La política catalana, y todo el relato cultural que lo acompaña, se parece mucho al juego de espejos que Bruce Lee tiene que superar al final de la película Enter the Dragon. España se esconde detrás de un juego espeso de espejos que, en los últimos años, el país ha ido destruyendo con cada performance processista. El presidente Mas consiguió engañar casi a todo el mundo con el 9-N, pero la realidad se impuso y perdió la presidencia.
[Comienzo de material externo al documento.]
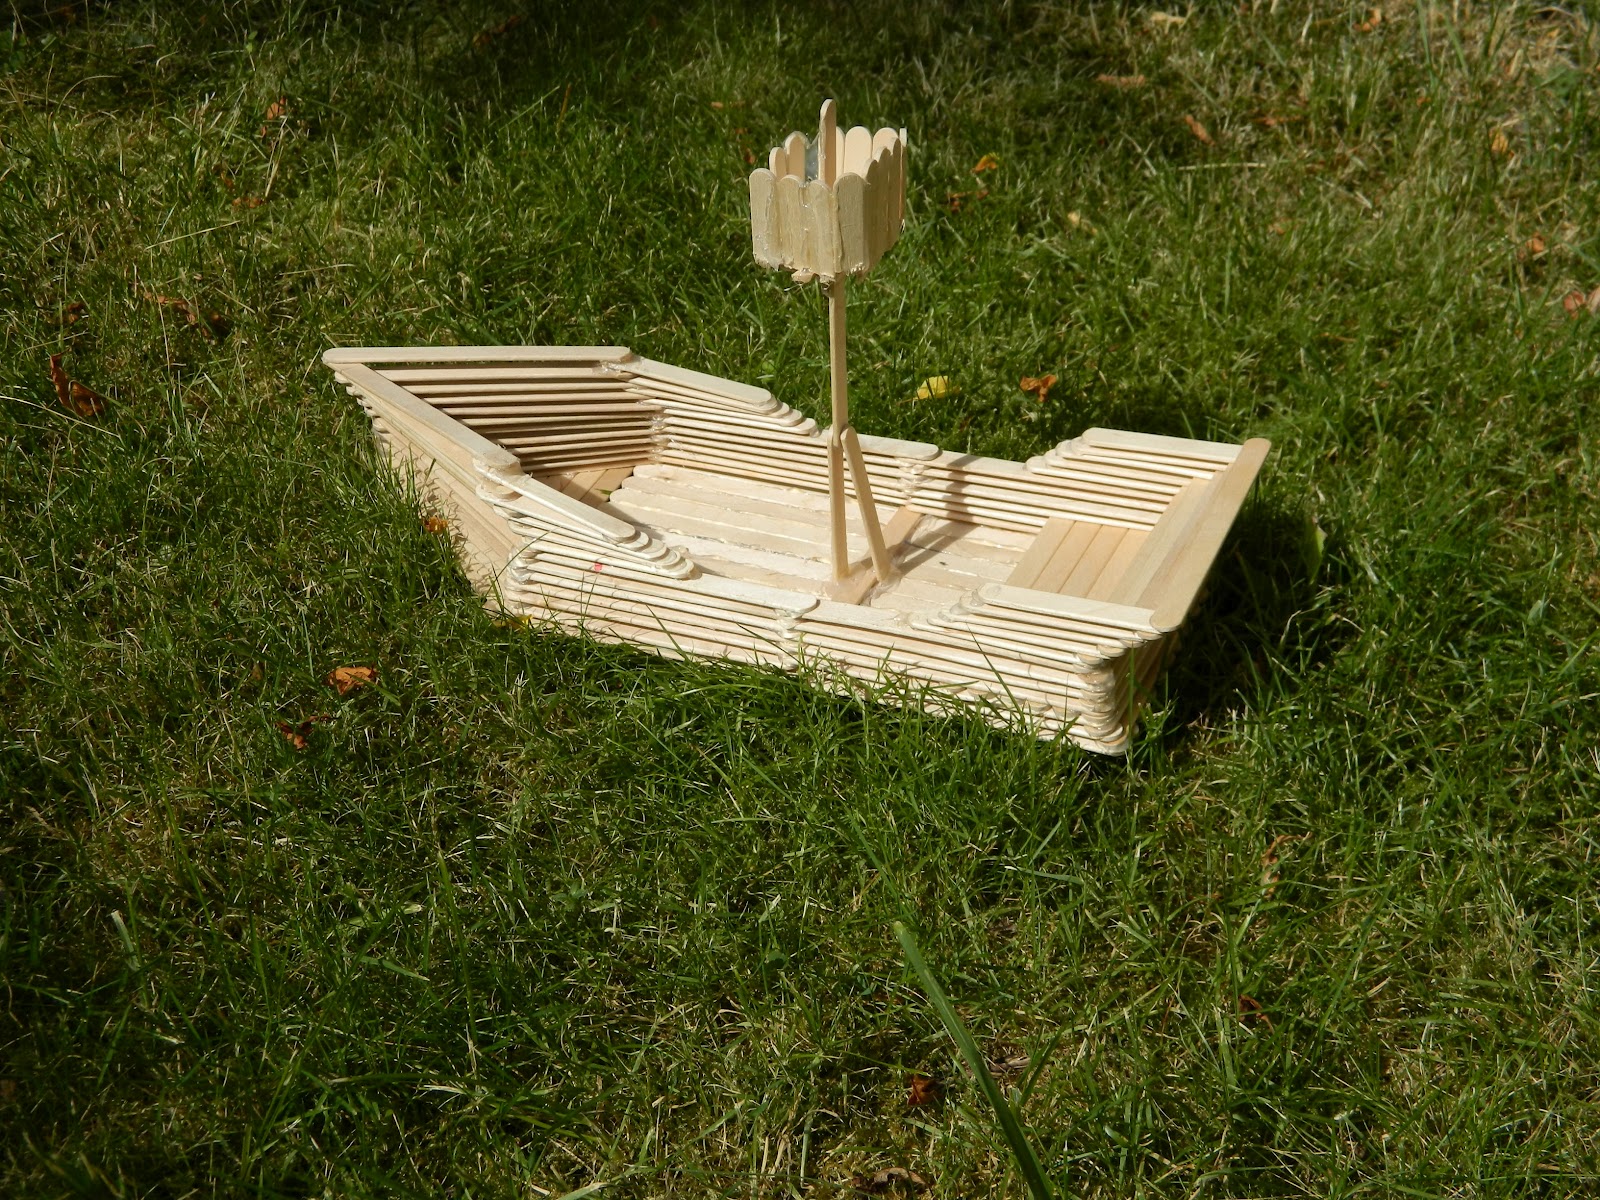 How To Make A Boat Out Of Popsicle Sticks Apps Directories

Junts pel Sí también jugó con la idea del referéndum y también pagó el precio, gracias a la reacción instintiva de la gente el 1 de octubre.
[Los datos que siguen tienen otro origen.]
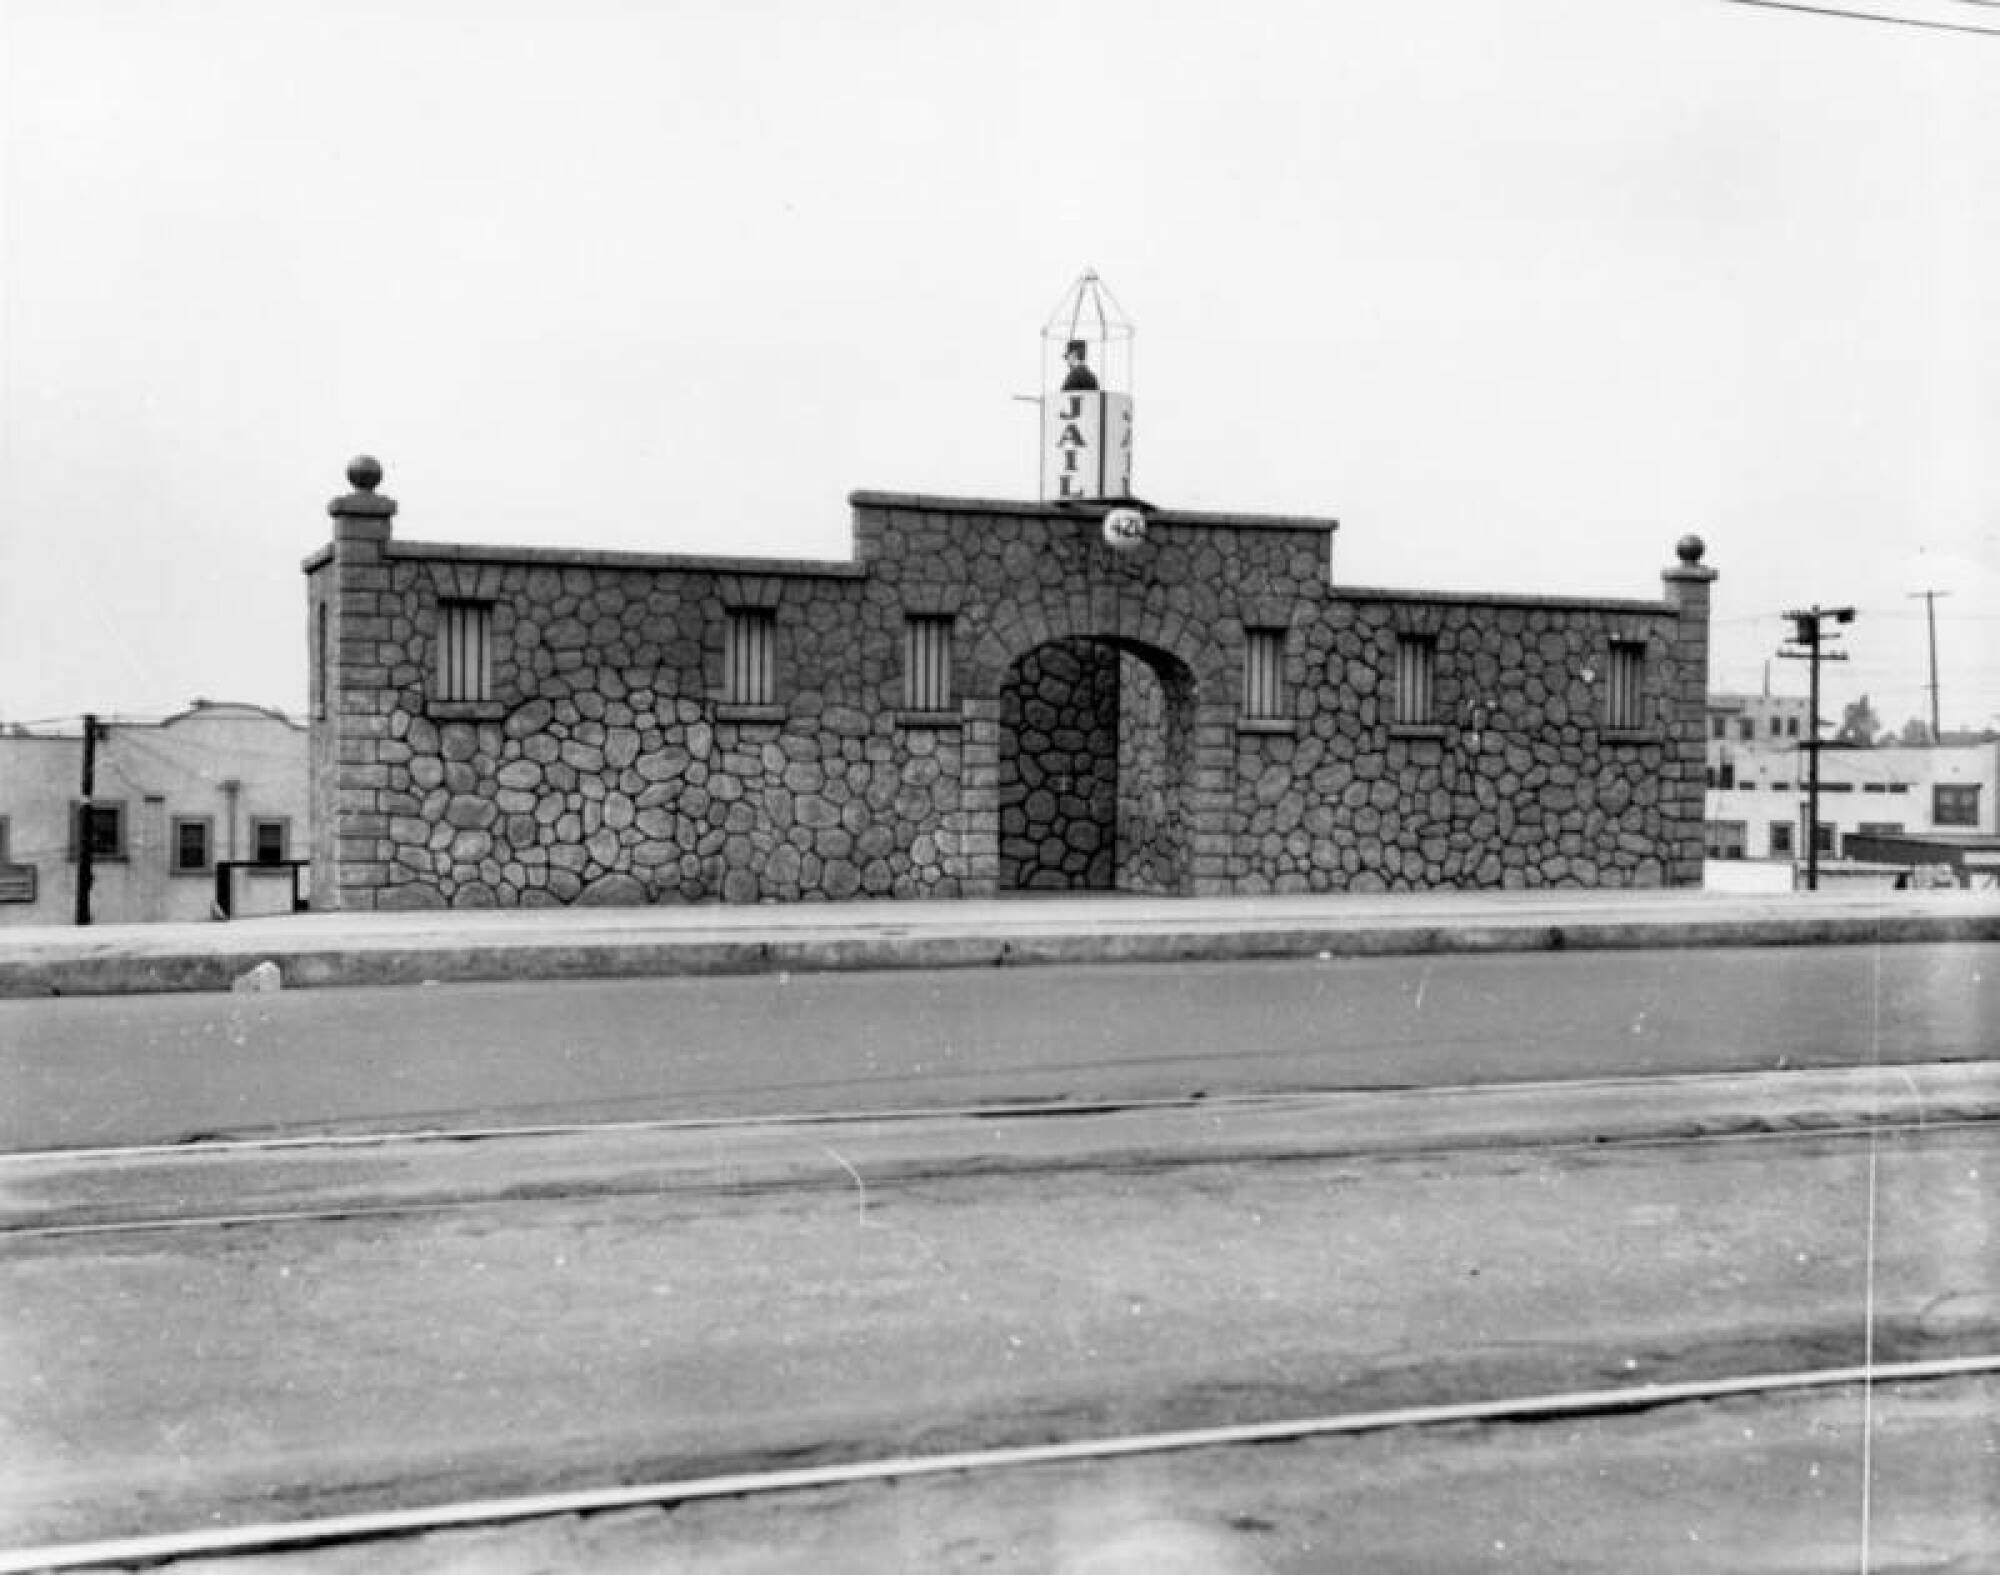 Exterior view of the Jail Cafe. A "jailer" watches from a guard tower on the roof.

Ahora es divertido ver como, atrapados en las victorias del país, los supervivientes del sistema van a buscar la carne fresca en Barcelona. Últimamente aparecen en la prensa muchos artículos sobre la ciudad. El Periódico parece que haya descubierto el Place Making. Francesc Serés y algún otro articulista han empezado series de columnas sobre la capital catalana que no que se sabe mucho hacia dónde van. Ada Colau ha traído su maragallismo engañapobres a Nueva York, como en los mejores tiempos del Ayuntamiento socialista.
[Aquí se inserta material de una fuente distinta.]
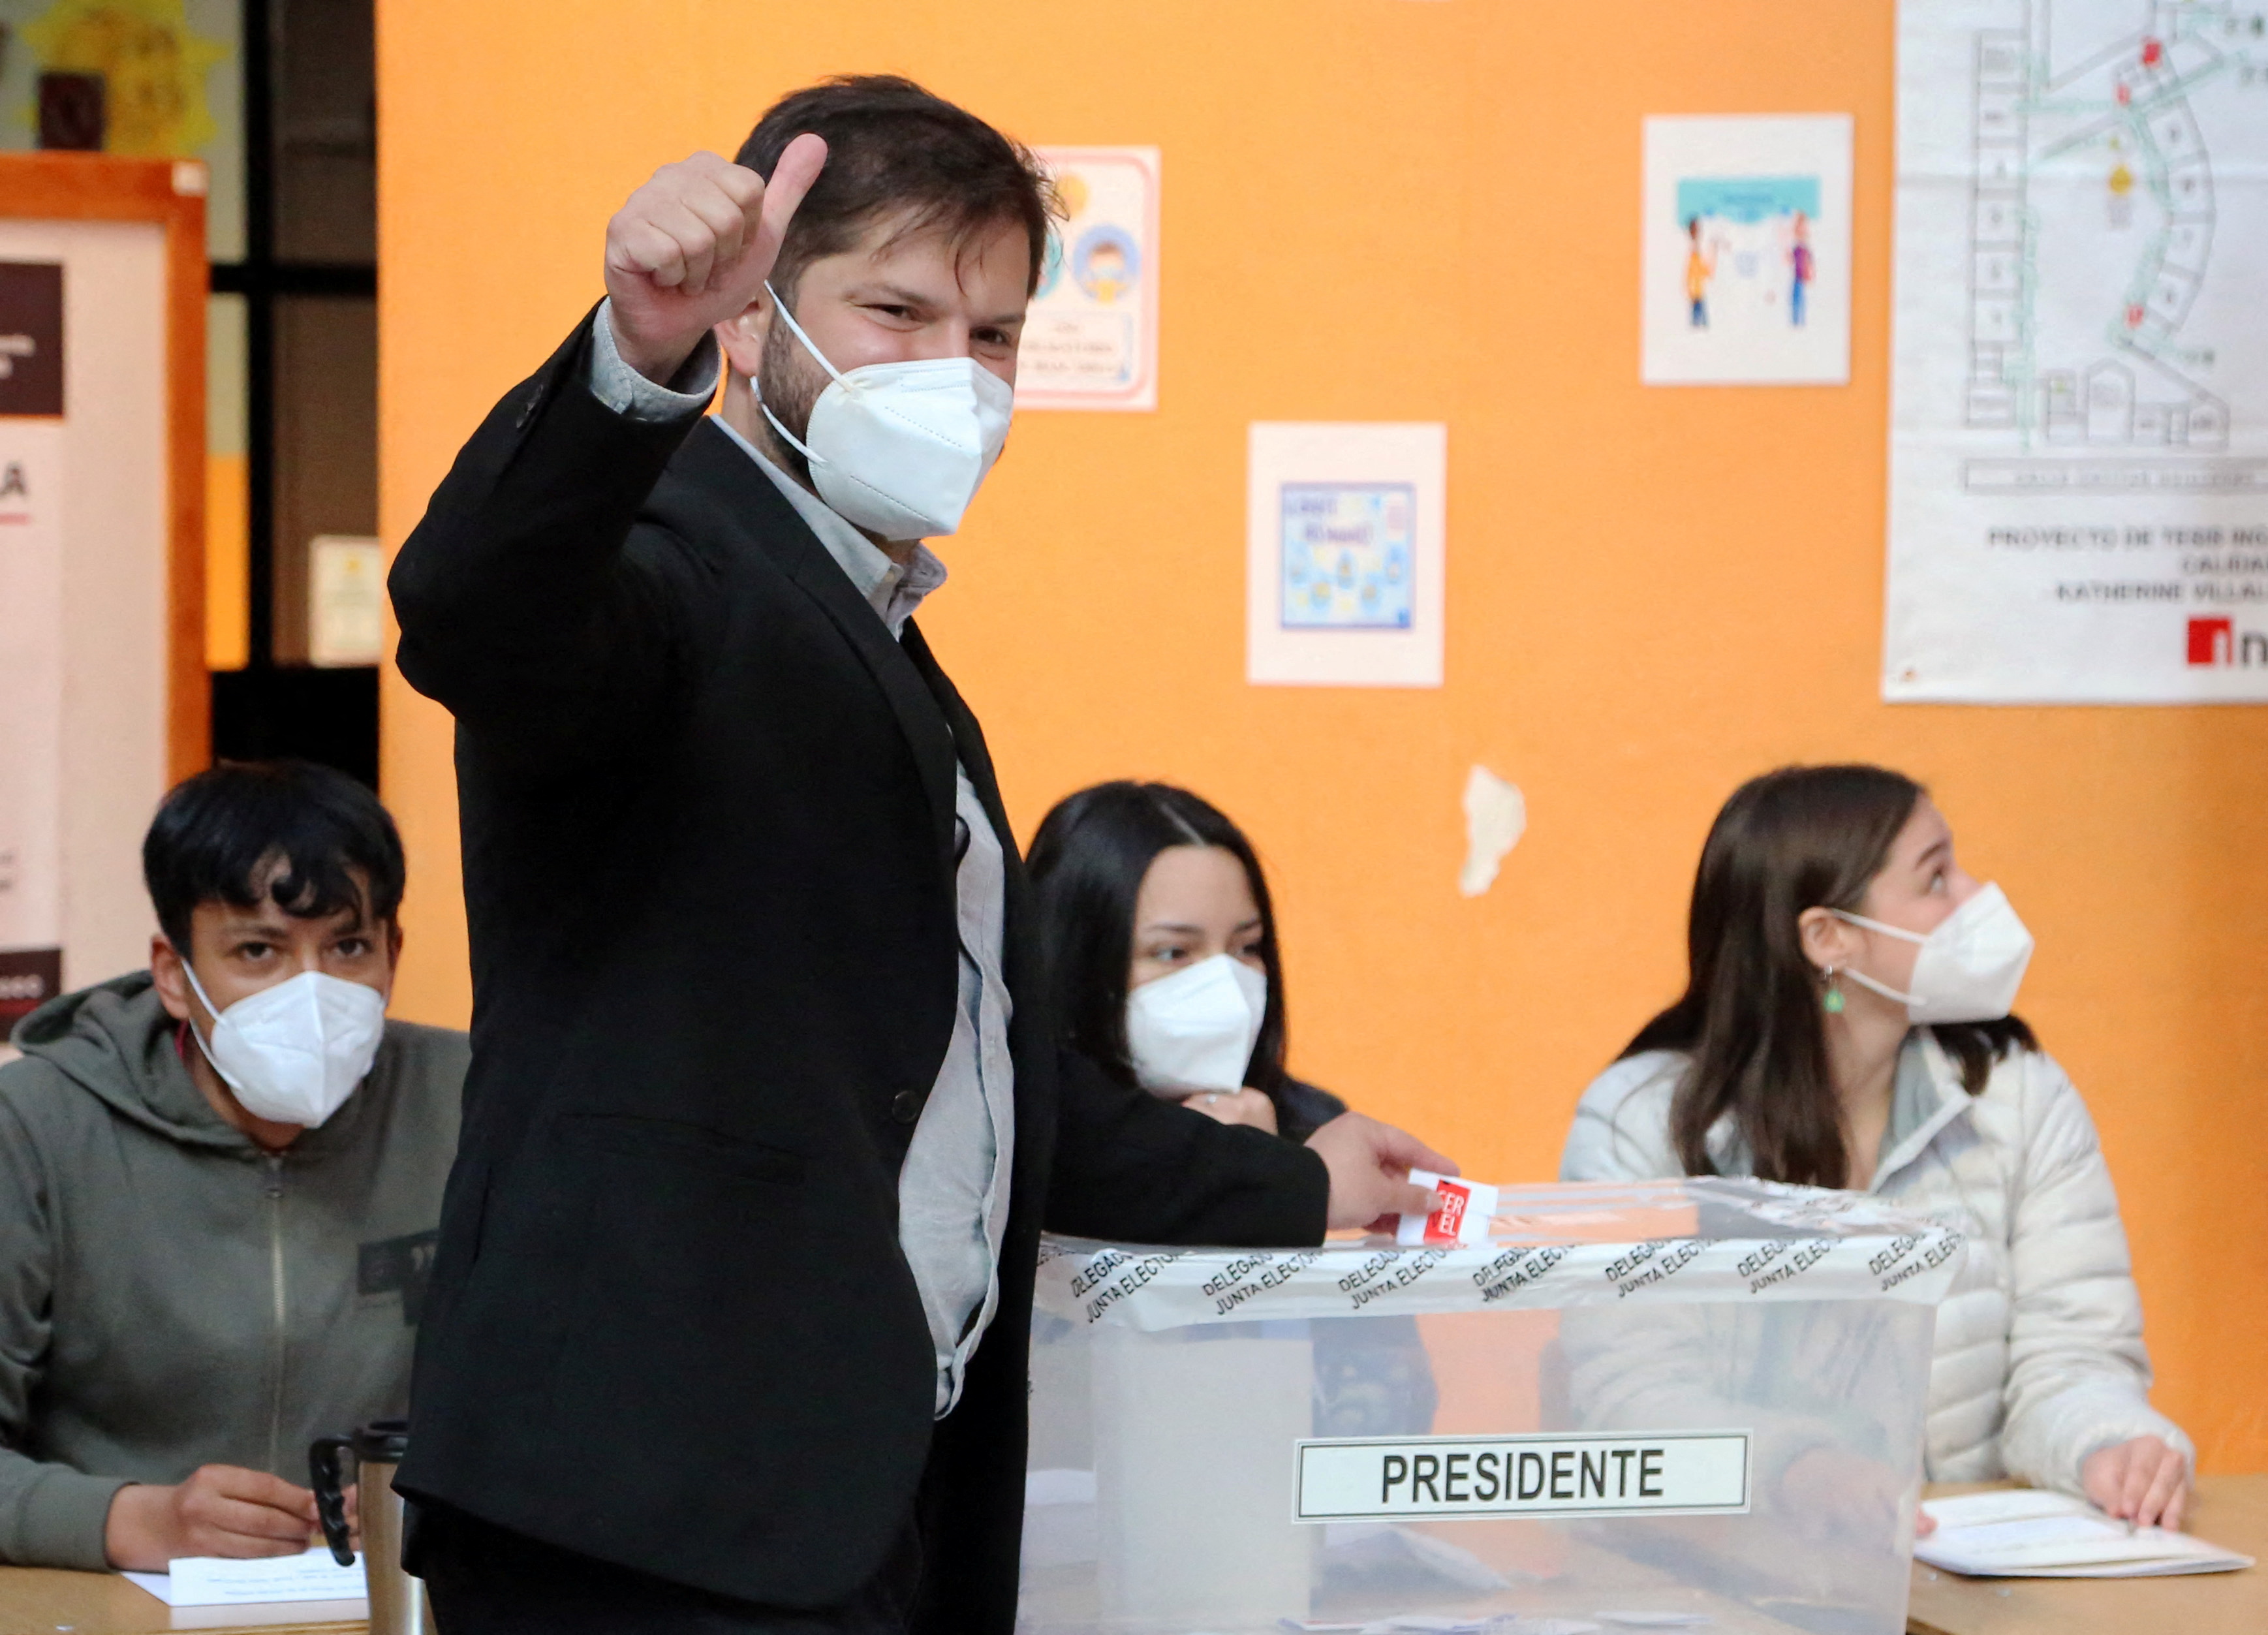 Chileans vote in presidential elections in Punta Arenas

Barcelona es el Jerusalén de la civilización catalana y la batalla por la conquista del Ayuntamiento promete ser una carnicería de primera. Los españoles lo intuyen a su manera y Crónica Global publicaba ayer un vídeo donde Jordi Graupera y Manuel Valls se enfrentaban a tiros en un duelo al estilo del oeste. Si Graupera no hubiera salido con la idea de las primarias, el procesismo entregaría el Ayuntamiento a Manuel Valls, como hizo Xavier Trias hace cuatro años con Ada Colau, en plena euforia processista.

Como que Barcelona lo es todo y no es nada, que diría Saladino, la cantidad de bisutería que venderán los políticos del sistema será inmensa. Para evitar el asalto al castillo lo sobarán todo hasta niveles nunca vistos. No sé si, a diferencia del 9-N y del 1 de octubre, el independentismo conseguirá una victoria limpia y clara. La imagen de Puigdemont vendiendo motos con unos pantanales de fondo llenos de mosquitos promete confusión. Por no hablar de la Crida Nacional, que parece un invento copiado de la Crida a la Solidaritat de los años 80 donde militaban Jordi Sánchez y algunos veteranos del núcleo masista. Aun así, el solo hecho de haber forzado el Estado a plantear la confrontación en Barcelona, plaza que Jordi Pujol evitó siempre para estar a buenas com Madrid, ya es un gran paso adelante.